Ultium’s Lordstown plant is near the site of a former GM assembly plant which shut down in 2019. Long-term production workers there earned around $31 an hour.

“The big lie that the corporations are telling the government is that they don’t have any issue with these plants being union,” said Fain. “They have no issue with it being union, as long as they can pay $16 an hour with a seven-year progression to $20 an hour—and that’s inexcusable.”

FIGHT FOR JOBS

Besides EV, UAW leaders have signaled that the top issues in bargaining will be restoring cost-of-living adjustments, pushing for job security and against plant closures, and combating tiers, where newer hires receive lower wages and benefits.

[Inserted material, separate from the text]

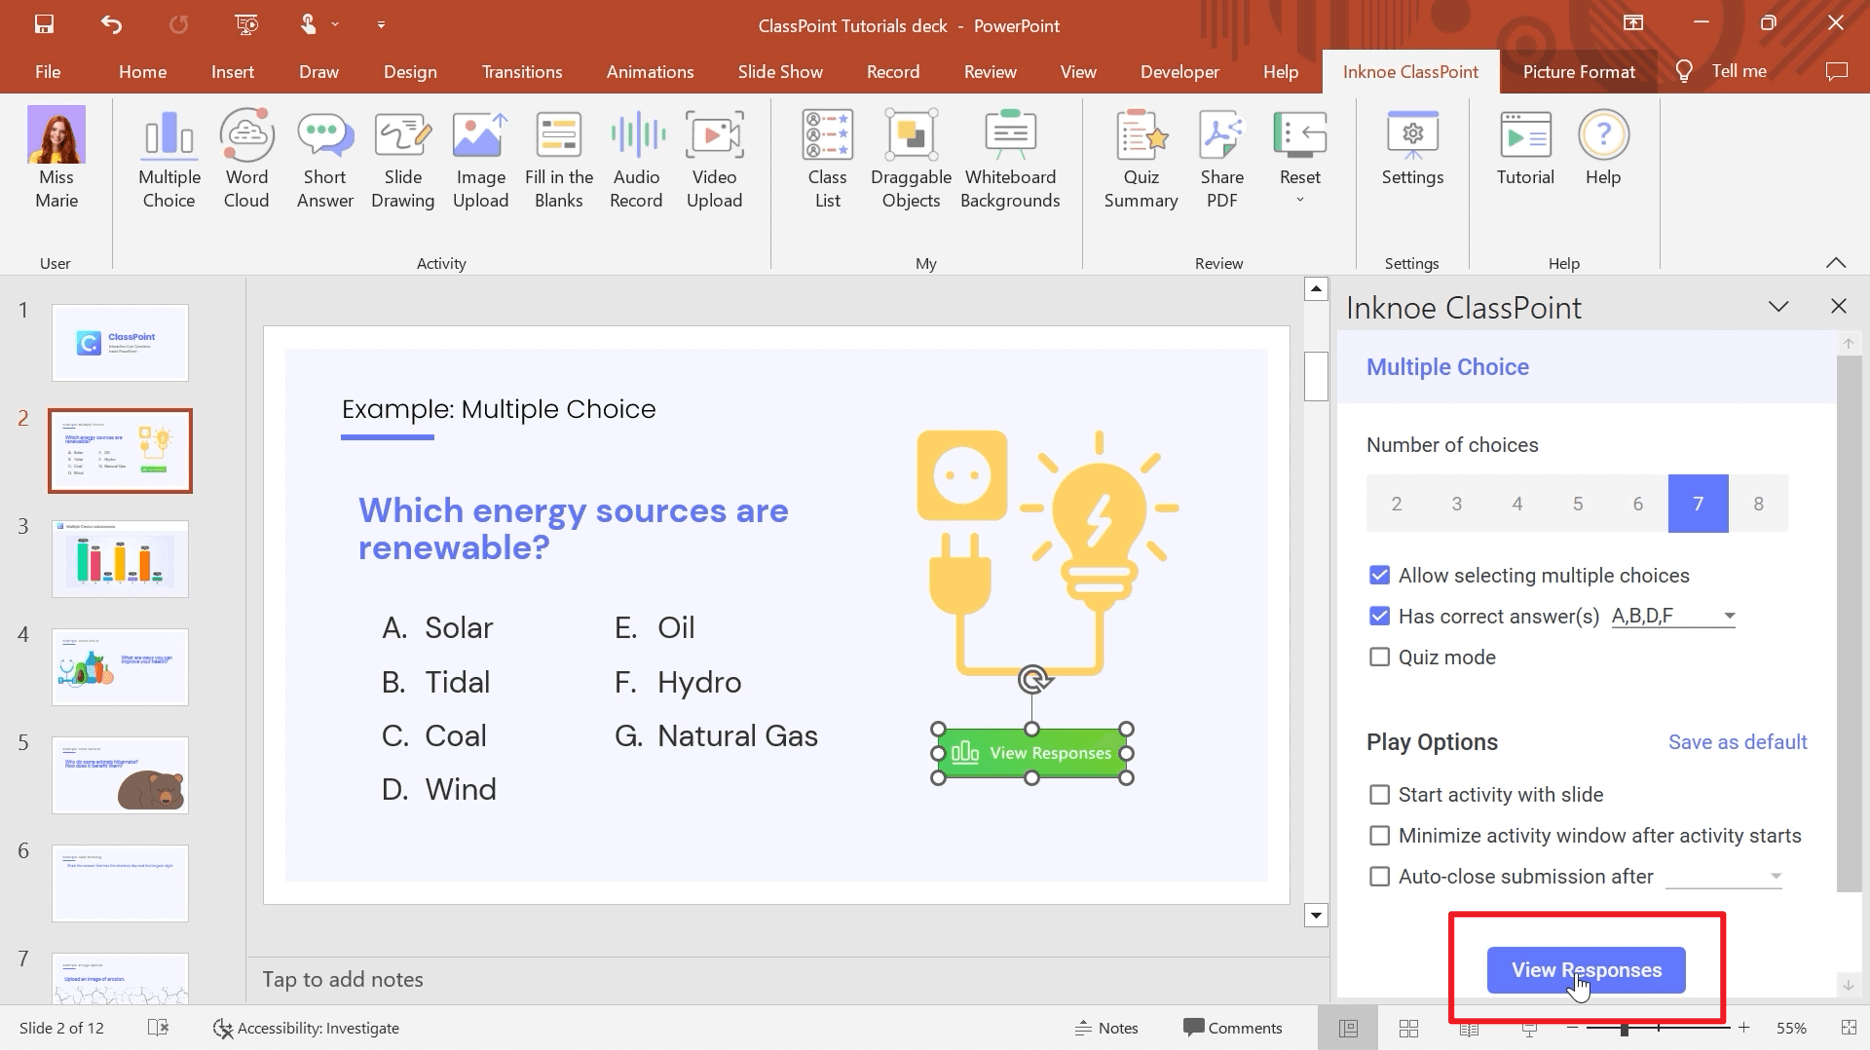 questions for powerpoint

The union is gearing up for a fight with Stellantis, which announced plans in April to cut 3,500 skilled and production jobs and offer buyouts to 33,000 hourly workers. It idled its plant in Belvidere, Illinois, in February, knocking 1,350 workers out of work indefinitely.

Stellantis, formed through the merger of Fiat Chrysler and Peugeot, made $18 billion in profit last year. The other union automakers have also been profitable; the Big 3 have pulled in $160 billion in profit over the past decade.

The union is still planning its contract campaign. Meanwhile the caucus Unite All Workers for Democracy, which backed the Members United slate, is holding a series of contract action workshops to build for a potential strike.